Immunotherapy response
This module provides many functions for the analysis of bulk transcriptome gene expression data using clinical immunotherapy information. This module consists of three tabs including “differential expression analysis”, “survival analysis”, and “gene set query”. In the “differential expression analysis” tab, users can browse the data source information and obtain an overview of the differential expression analysis results. Two interactive heatmaps displaying differentially expressed genes between responders and non-responders or between pre- and post-therapy conditions are presented to allow users to explore immunotherapy response biomarkers and resistance mechanisms (Figure 3A). By clicking a cell on the heatmap, users will obtain detailed information on the differential expression of the selected gene between responders and non-responders or between pre- and post-therapy conditions in the selected dataset. For detailed information, a boxplot is presented to visualize the differential expression (Figure 3A). In addition, users can adjust parameters, such as group, gene normalization, data scale, and clinical classification for differential expression analysis (Figure 3A). A table is displayed to allow users to compare the performance of the selected gene with that of the known immunotherapy prediction signature (Figure 3A). In the “survival analysis” tab, users can browse the data source information and obtain an overview of the survival analysis results (Figure 3B). The “survival analysis” tab presents an interactive heatmap displaying the survival analysis results to allow users to evaluate immunotherapy response biomarkers (Figure 3B). Detailed information is presented when users click on a cell in the interactive heatmap. For detailed information, a Kaplan–Meier (KM) plot is provided for visualization (Figure 3B). Moreover, users can adjust the survival analysis parameters and compare their performance with those of known signatures (Figure 3B). To allow users to evaluate their own gene signatures using our collected immunotherapy gene expression datasets, we designed the “gene set query” tab.
Response signature
The “response signature” module contains analysis functions for exploring cancer immunotherapy using known immunotherapy response signatures collected from public literature. Users can select a published signature and click on the details to determine the performance of the signature in 23 independent datasets. The area under the curve (AUC) metric was used (Figure 3C). First, users can check whether the genes of interest correlate with the known immunotherapy response signature using TCGA gene expression data without clinical immunotherapy information (Figure 3D). Second, users can compare the performance of their own biomarkers with known immunotherapy response signatures using gene expression data with clinical immunotherapy information (Figure 3E and F). Third, users can predict patient immunotherapy responses by applying published gene signatures to user-provided baseline gene expression profiles (Figure 3G).
Immune screening
The “immune screening” module presents the basic information of all immune screens in a table. This table contains “Screen ID”, “Article name”, “PMID”, “Cancer type”, “Dataset type”, “Cell line”, “Species”, “Condition”, “Analysis”, and “Size”. Users can view the specific content on the screen by selecting a screen ID. After selection, the article source of the data and specific information of the article are displayed to the user. Because the screen data are mainly analyzed using two different pipelines, different display schemes for the data from different analysis sources have been provided (Figure 3H).
Quick search
Users can quickly obtain comprehensive analytical results of the aforementioned four modules by searching for a gene of interest.
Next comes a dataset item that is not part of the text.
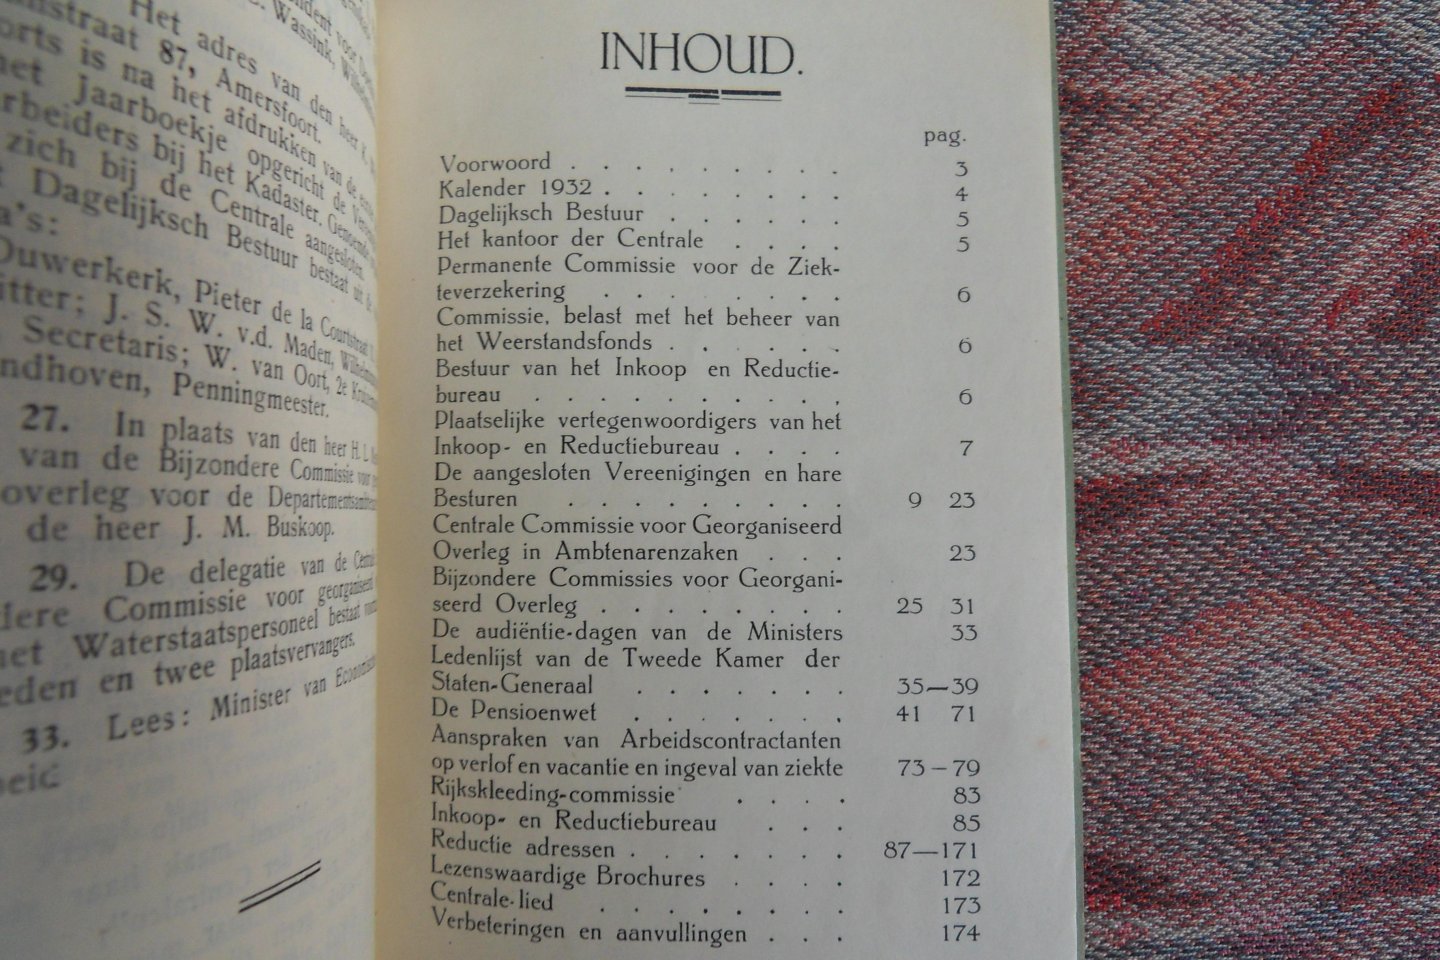 Perdok, F. (voorwoord van de voorzitter). - Jaarboekje van de Centrale van Vereenigingen van Personeel in `s Rijks dienst 1932.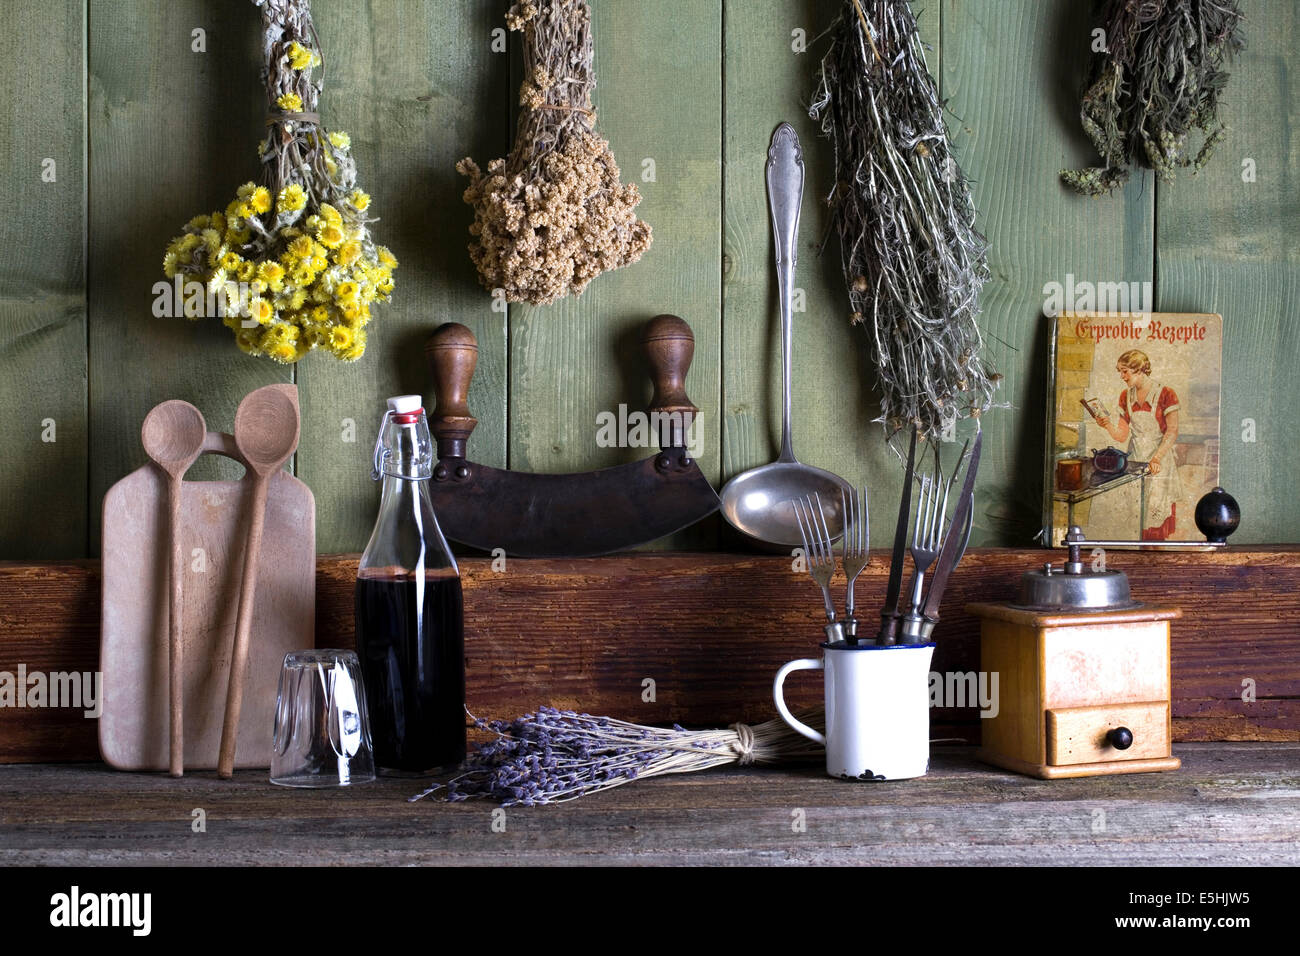 Cucina rustica ancora in vita con utensili da cucina e di erbe secche Foto Stock

Integrative analysis using TIGER reveals an effective predictor of immunotherapy response
We next performed a systematic analysis using TIGER to show its value in facilitating research related to cancer immunotherapy. Current immunotherapy studies have mainly focused on CD8+ T cells to explore the mechanisms of immunotherapy-induced anti-tumor immunity and discover effective immunotherapy response biomarkers. Among the tumor-infiltrating T lymphocytes (TILs), apart from CD8+ T cells, it is also known that CD4+ T cells play important roles in anti-tumor immunity, e.g., the activation and growth of cytotoxic CD8+ T cells. However, the role of CD4+ T cell response to immunotherapy in TME has seldom been studied. Here, we integrated bulk and single-cell transcriptome gene expression data in TIGER to comprehensively explore the anti-tumor immunity of CD4+ T cells under immunotherapy.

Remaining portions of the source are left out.